Engineering Contradictions & Design Principles
Engineering Contradiction Analysis
1Adaptability or versatility
If multiple index candidate data including low relevance indexes are provided to the demand prediction device, then the comprehensiveness of input data is improved, but the prediction accuracy deteriorates due to inclusion of irrelevant information
Solution Approach 1:
The patent segments the input index candidate data into multiple groups based on their relevance to demand prediction.

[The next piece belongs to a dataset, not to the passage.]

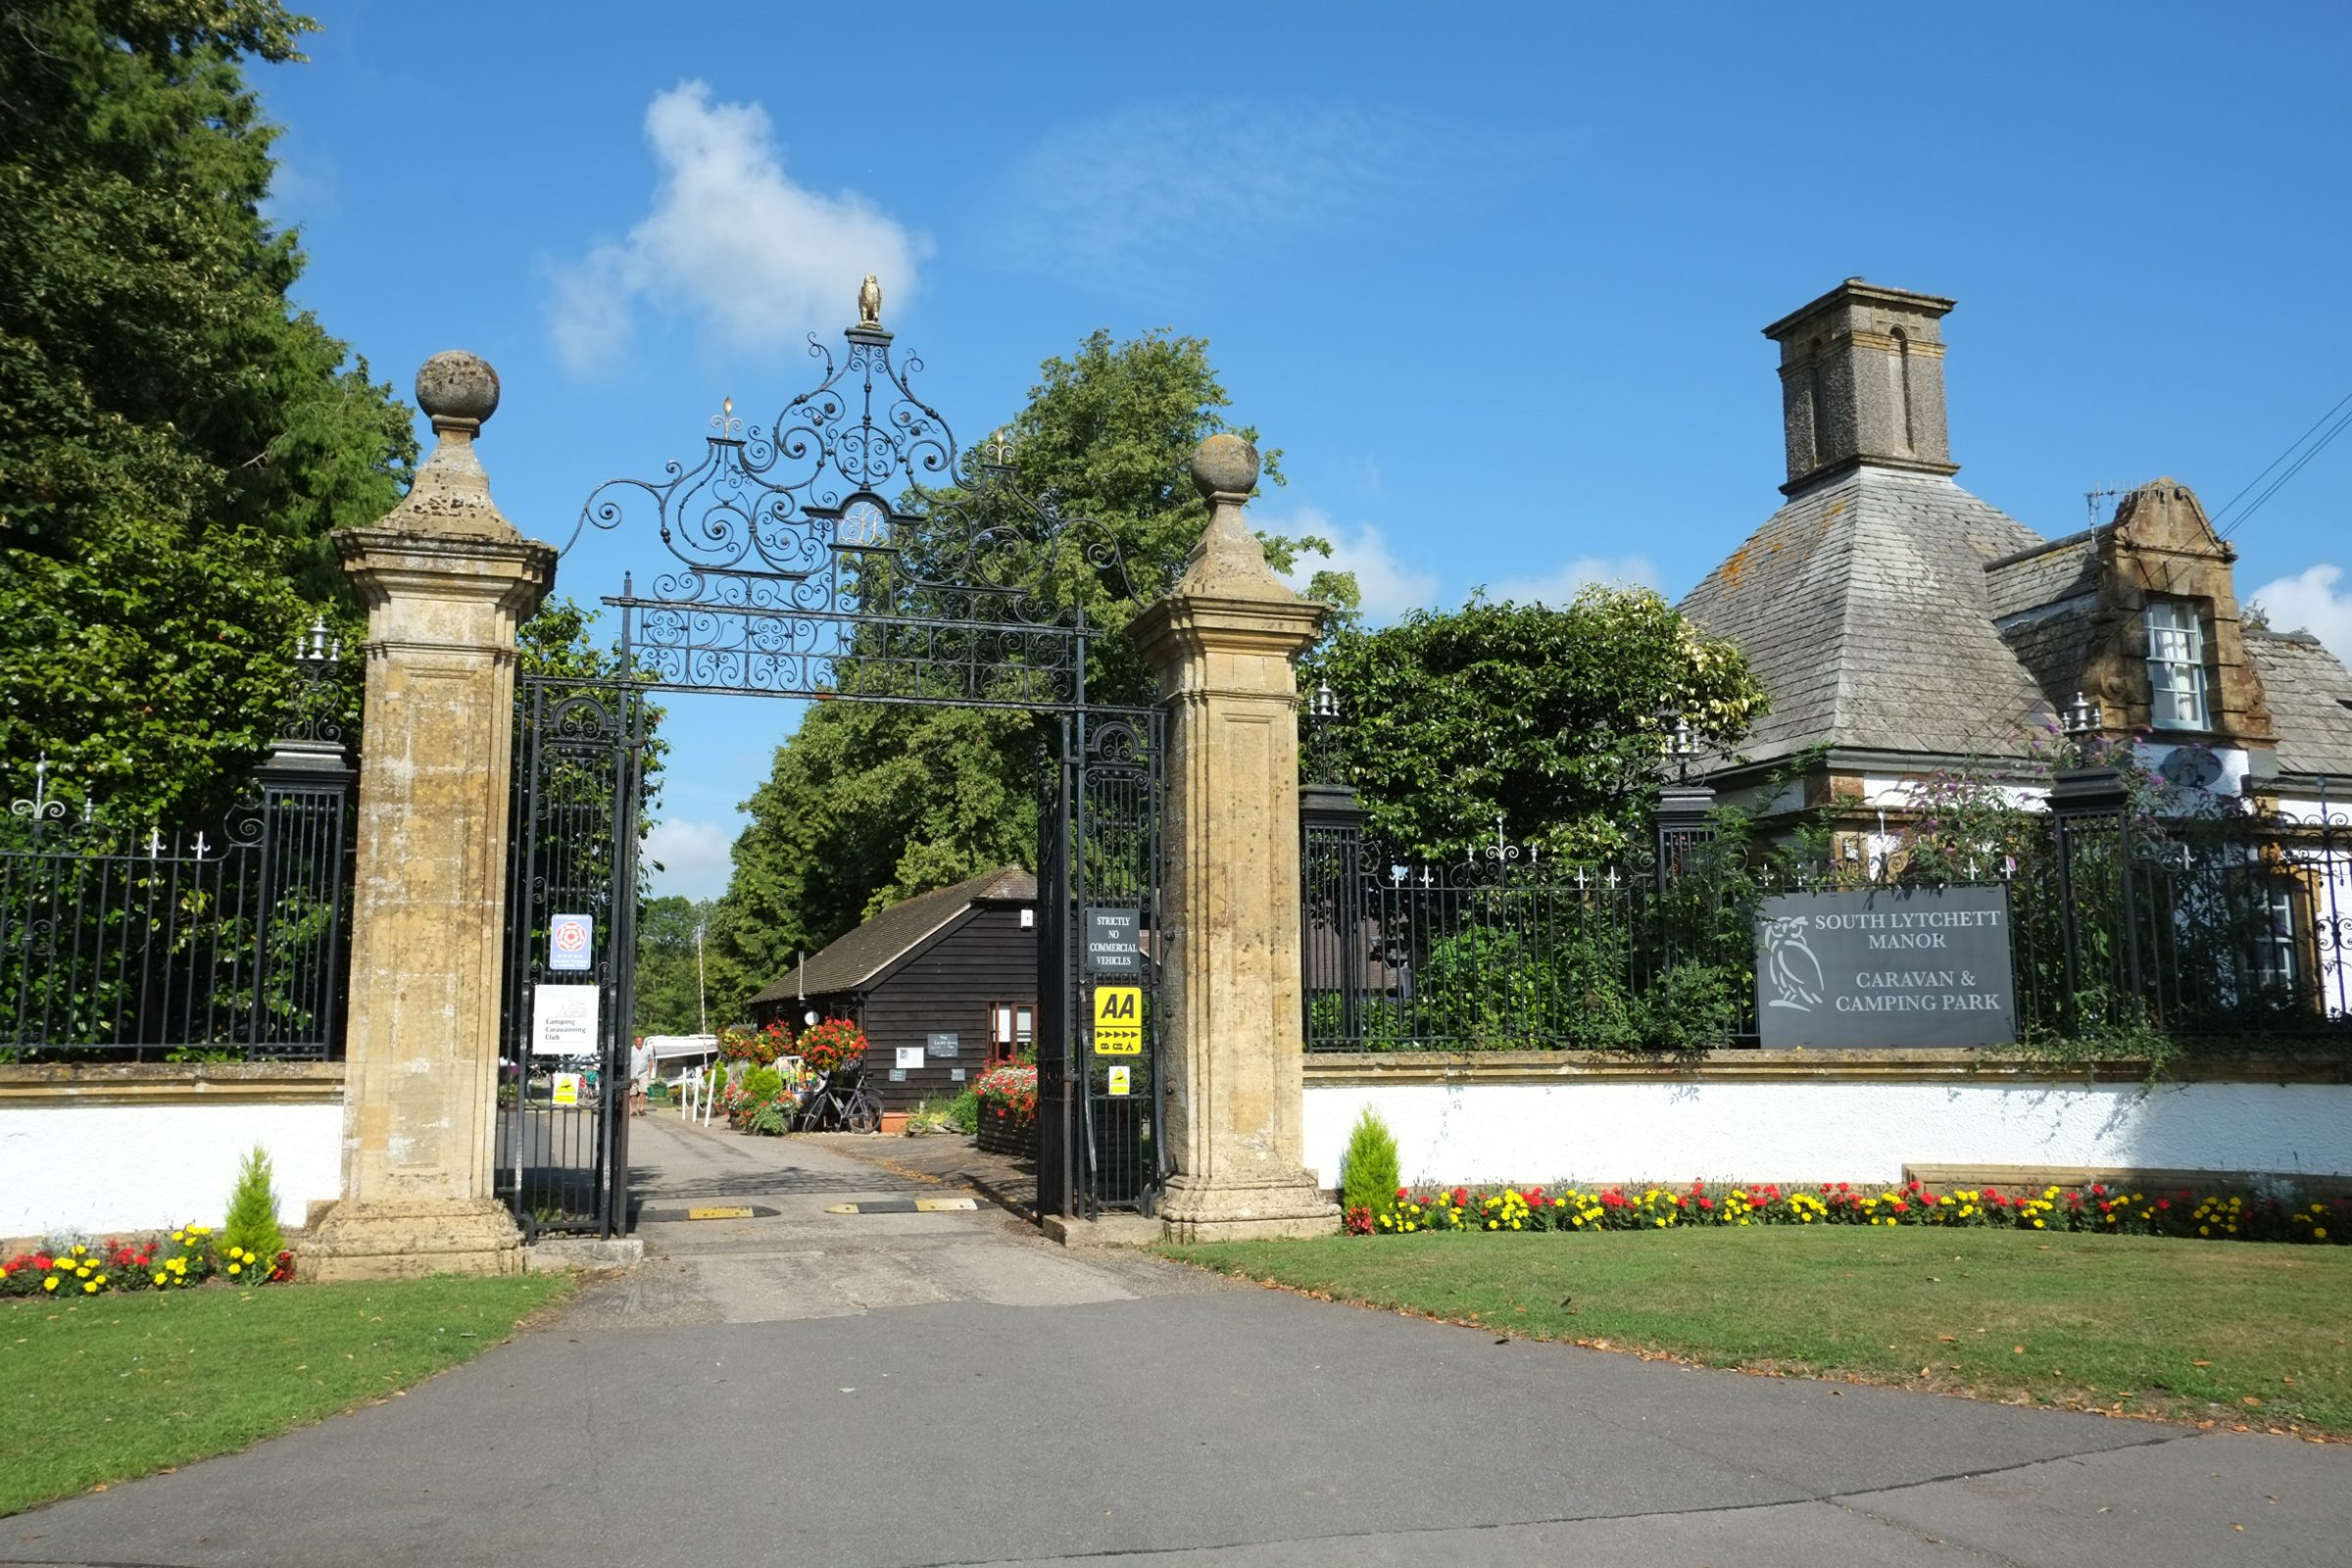 South Lytchett Manor front gates. 5 star camping in Dorset.

The processing circuitry divides the comprehensive index data set into relevant and irrelevant portions, allowing the system to utilize diverse data sources while filtering out low-relevance indexes that would otherwise degrade prediction accuracy.
Solution Approach 2:
The patent extracts and removes low-relevance index data from the input set before feeding data to the prediction model. The processing circuitry identifies and extracts only those index candidate data that have high relevance to demand prediction, thereby maintaining prediction accuracy while still considering multiple data sources.
2Adaptability or versatility
If all index candidate data are used for demand prediction, then the coverage of economic factors is improved, but the reliability of prediction result deteriorates due to noise from low relevance indexes
Solution Approach 1:
The patent performs preliminary filtering and relevance assessment of index candidate data before the actual demand prediction process. The processing circuitry pre-evaluates each index candidate data's relevance to demand prediction and prepares a filtered set of high-relevance indexes, ensuring that only reliable data enters the prediction model.
Solution Approach 2:
The patent implements a feedback mechanism where the system continuously evaluates the relevance of index candidate data based on their correlation with actual demand patterns. This feedback loop allows the system to adjust which indexes are considered relevant, improving prediction reliability while maintaining comprehensive economic factor coverage.
3Adaptability or versatility
If comprehensive index candidate data including irrelevant indexes are input to the analytical model, then the breadth of analysis is improved, but the prediction result deviates from actual future demand
Solution Approach 1:
The patent employs dynamic relevance assessment where the importance of each index candidate data is not fixed but adjusts based on current market conditions and historical patterns. The processing circuitry dynamically determines which indexes are relevant at any given time, allowing the system to maintain broad analytical coverage while adapting to changing conditions that affect prediction accuracy.
Data Source
AI summary
A demand prediction device includes processing circuitry configured to; acquire demand data indicating a temporal change of a past demand in a product of a demand prediction target and index candidate data indicating each of a plurality of indexes which are candidates of an index related to the past demand; calculate a relevance degree between at least one index indicated by each of index candidate data having been acquired and a demand indicated by the demand data having been acquired; extract index data used for demand prediction processing for predicting a future demand of the product from among the plurality of index candidate data having been acquired on a basis of the calculated relevance degree; perform the demand prediction processing using the extracted index data.